The major product from this institutional governance team should include recommendations for an institutional data dictionary that will codify the meanings of data elements to ensure consistent use and interpretation. The team should also develop policy guidance for the institution covering issues such as data standards, appropriate error correction procedures, and data handling processes that protect individual privacy and ensure data security. Such policies form the bases for operational processes and should be submitted to the institutional governance system for approval.
Once the supporting elements such as the data dictionary, data standards, and operational processes are in place, the enterprise technology infrastructure will need to be updated to address concerns such as enterprise data architecture/data integration, data access management (e.g., multi-factor authentication required for sensitive data), and regular monitoring of role-based access to insure that the right people have access to the right data. At the end-user level, technology improvements should include the deployment of exception processing and error reports, data de-duplication procedures, elimination of shadow databases and hidden data, and deployment of training for cyber-security and compliance.

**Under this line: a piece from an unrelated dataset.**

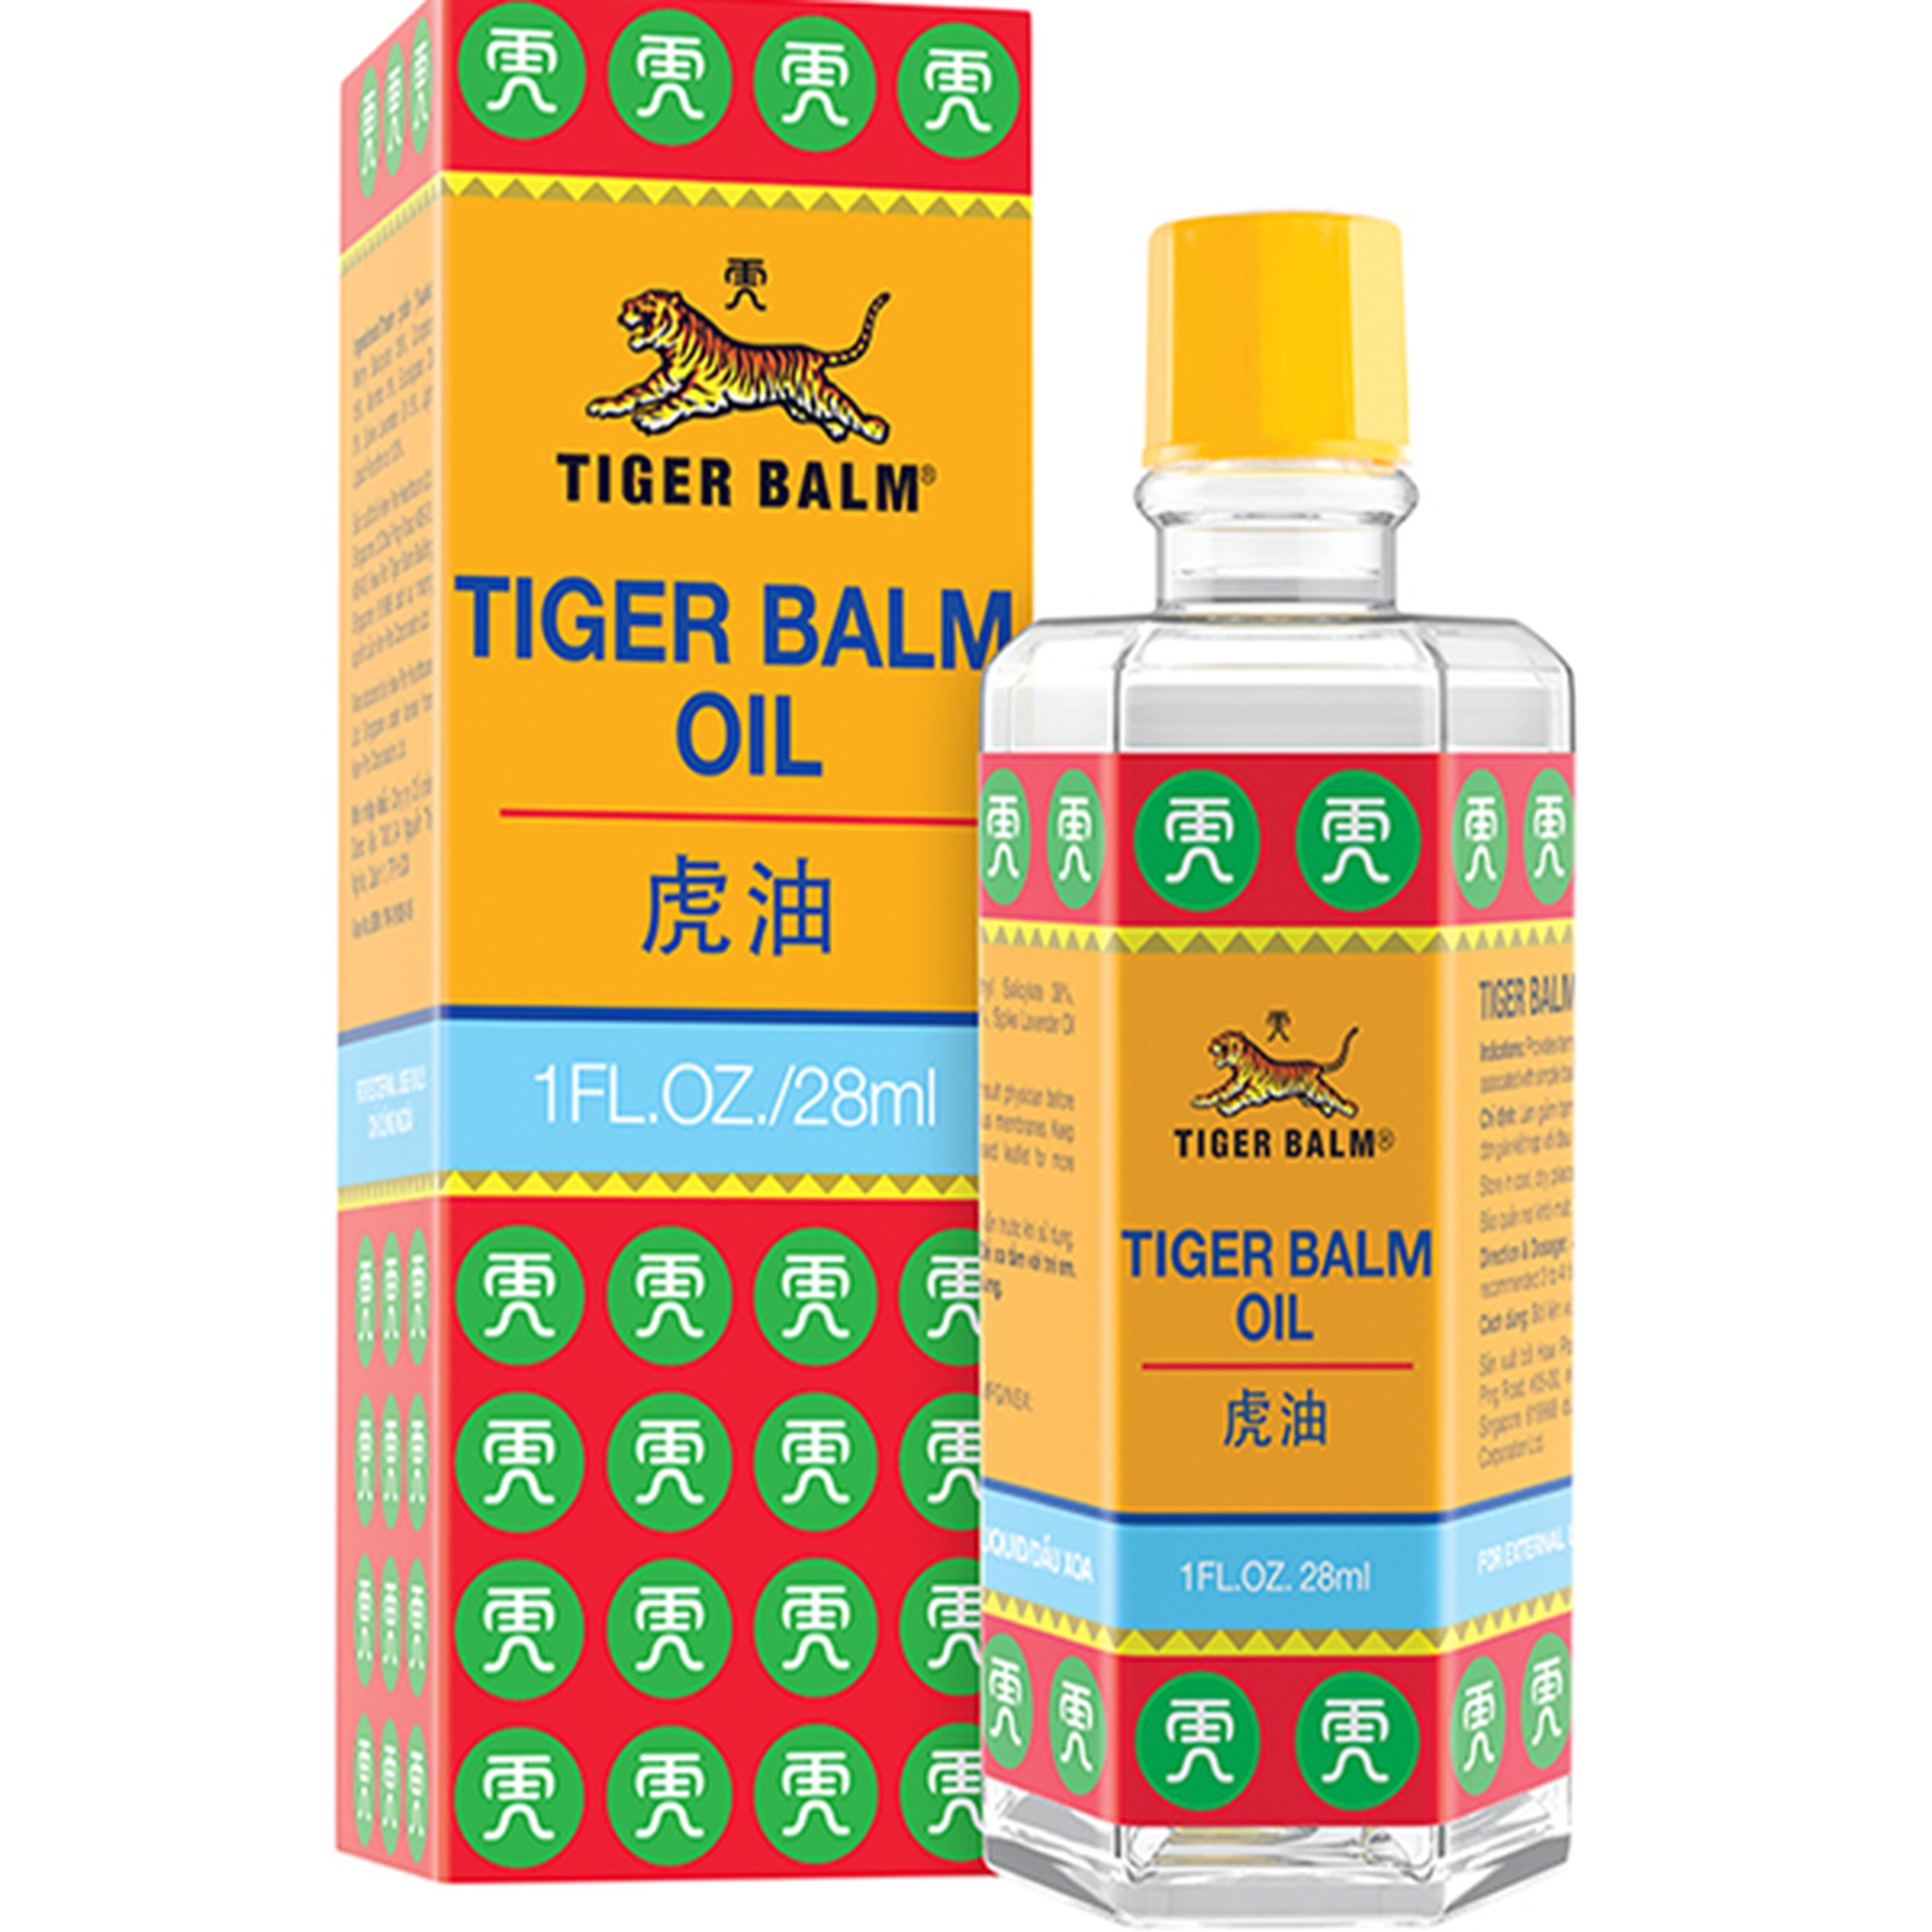 Dầu Tiger Balm Oil Haw Par hỗ trợ giảm đau nhức cơ bắp, đau trật khớp (28ml)

If you are facing the challenges of inadequate data governance at your institution, there are two important points to remember:
- Although the desire for data quality to support good decision-making is a laudable and important goal, data quality projects alone are insufficient. Data quality initiatives can be successful only as part of an all-compassing data governance framework based on the fundamental paradigm that includes people, process, and technology.
- Beyond the desire to use the highest quality data to inform decision-making, data governance activities benefit any other enterprise initiatives that involve IT, including: deployment of new reporting or analytics solutions; replacement of major software systems, and the resulting need to re-evaluate enterprise architecture; and campus-wide initiatives for digital transformation.